The British will have briefed Nehru about the McMahon Line dispute in his apprentice days in power during the short period of Provisional Government that preceded Independence, and one can imagine a ‘first the bad news’ remark heralding the disclosure that, consequent on British actions over the previous decade to “rectify” the north-east border and give it strategic strength, a serious and fraught territorial dispute with China had been created. (“The Tibetans are complaining too but we needn’t bother about that.”) Then the “good news”: the historical record had been fabricated to indicate that the recently established north-eastern border was fully legitimate, as if it had been agreed to by China at the 1914 Simla Conference. Therefore independent India would be able to assert full rights of possession to the swathe of annexed territory and, refuting the complaints from China, could refuse to re-open the issue to diplomatic reconsideration.

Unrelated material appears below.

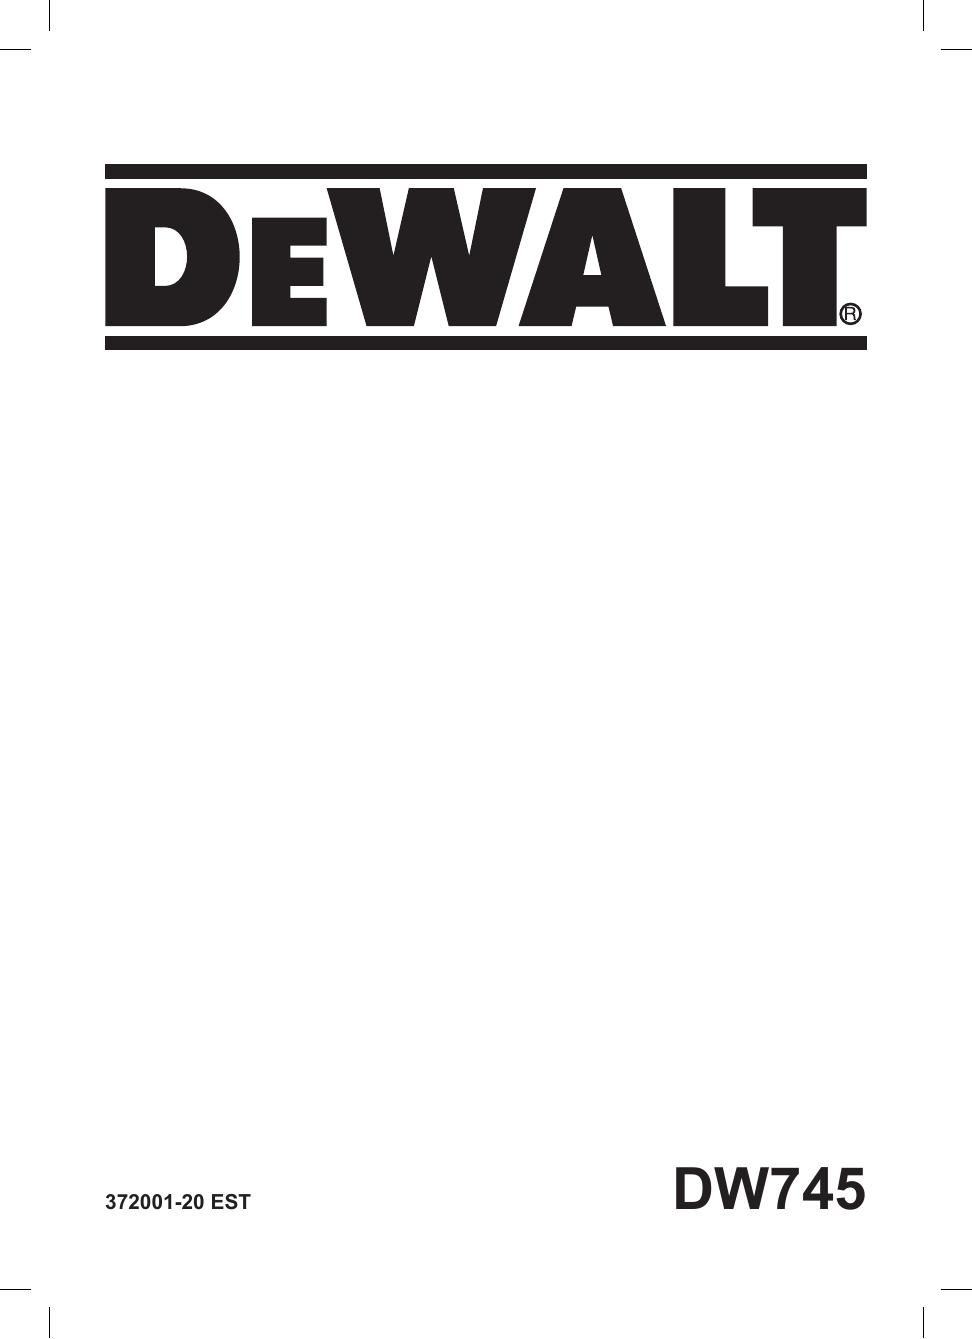 Dewalt Dw745 Table Saw Type 4 Instruction Manual Manual Guide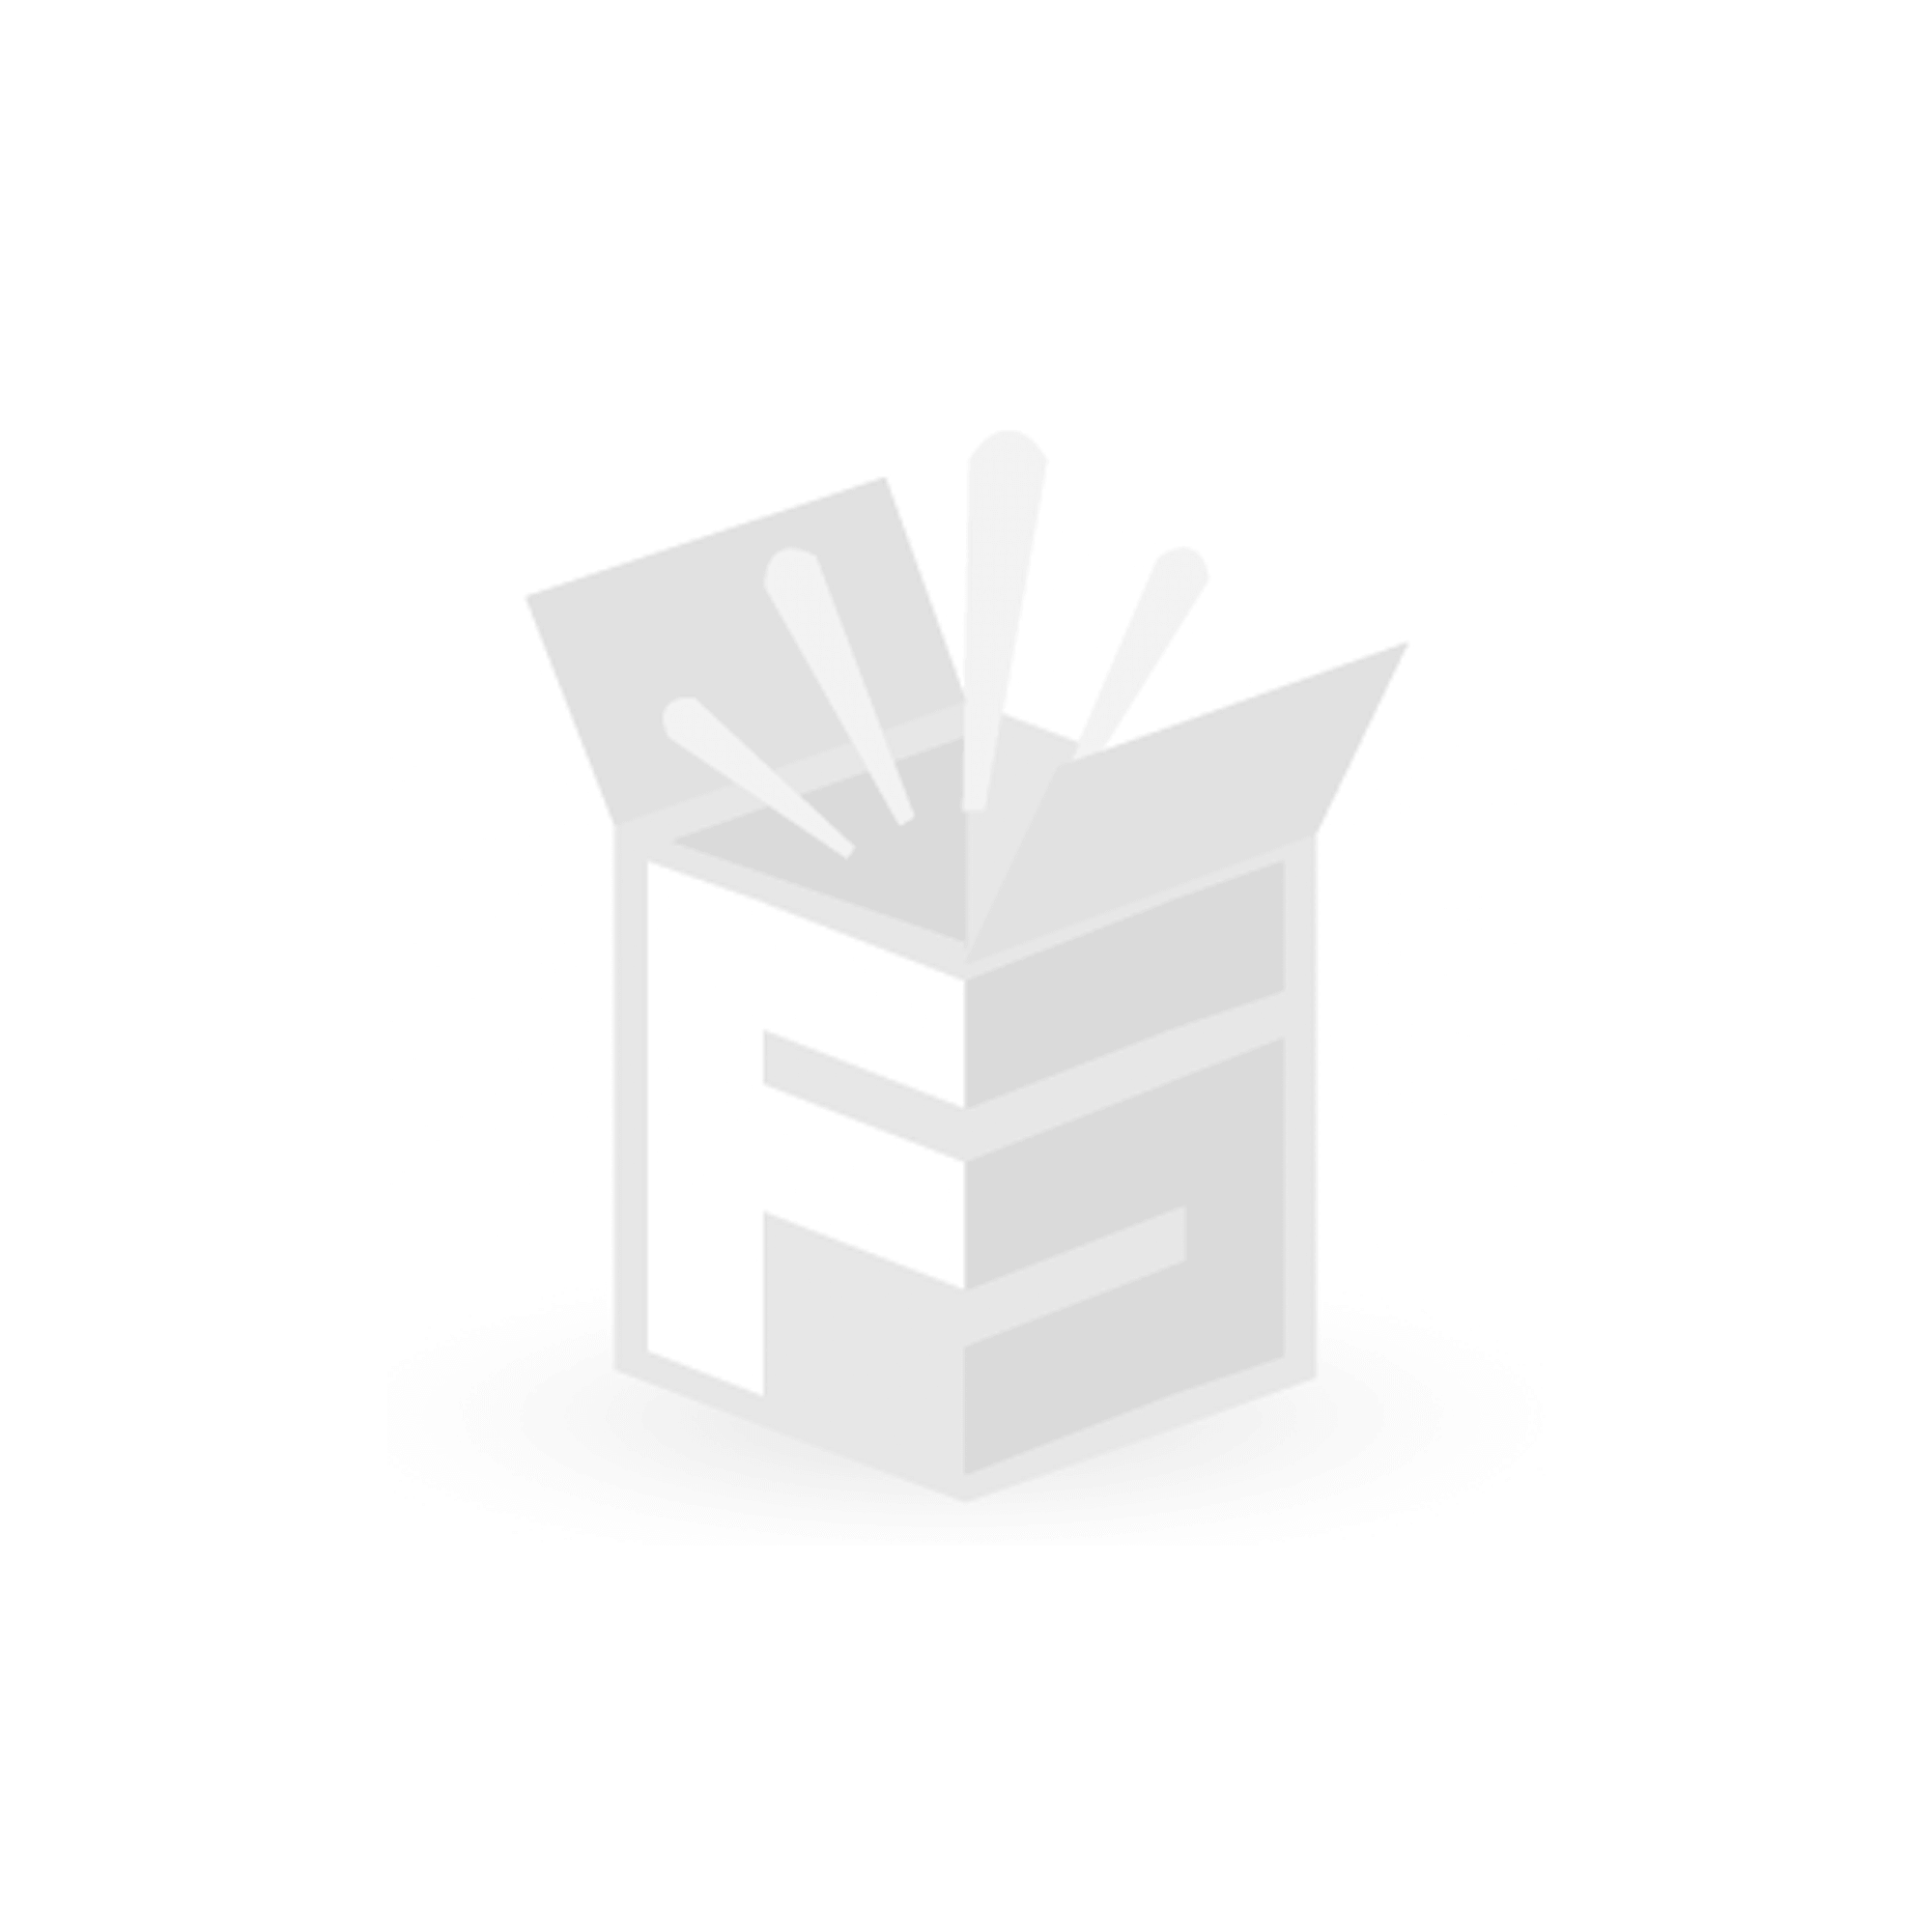 WMF Caipirinha-Set 2 Gläser + 1 Stössel + 30 Trinkhalme

Nehru might well have felt a flash of anger at what he was hearing, in effect a confession to the charges of ruthless expansionism and deceit that he had been hurling at the British Raj throughout his long years as its dedicated opponent. But now he was becoming what they were ceasing to be, custodian of India’s strategic interests, and as such he must have felt he could only welcome the strengthening of the frontier in the north-east they had brought about, and go along with the falsification of the historical record that would provide diplomatic cover if China persisted in its demand for restitution. Would China so persist? Certainly the Guomintang (Nationalist) party had proclaimed its determination to take back all the territory taken from China during its century of prostration, and the government under its control repeatedly warned both Britain and the incoming Indian authority that nothing emanating from the Simla Conference had legal validity.

But the whole issue of borders, their nature and role, had by this mid-20th century reached a point of fundamental change. Empires at their prime could define their own limits, imposing them on weaker neighbours and the limits of empire tended to be indeterminate, sovereignty fading away over distance rather than ending at fixed points. Frontiers were zonal rather than linear. So as the countries of Asia began emerging from Western dominance, the new-born Republic of India and the People’s Republic of China (PRC) chief among them, they faced a common task: completion of the conversion of their frontiers into boundaries.

That was indeed among the first formal expressions of their identity as modern states as they moved to emulate and catch up with the states of Europe which in the preceding three centuries, in step with the emergence of nationalism and the rise of the nation state, had pioneered the introduction of a new political institution, the boundary: a line agreed in diplomatic negotiation (delimitation), jointly marked out on the ground (demarcation), accurately represented cartographically and described verbally in a treaty between two states which thus recognised the precise limits of their own and their neighbour’s territory. Pre-modern states could exist within frontiers; modern states must have boundaries.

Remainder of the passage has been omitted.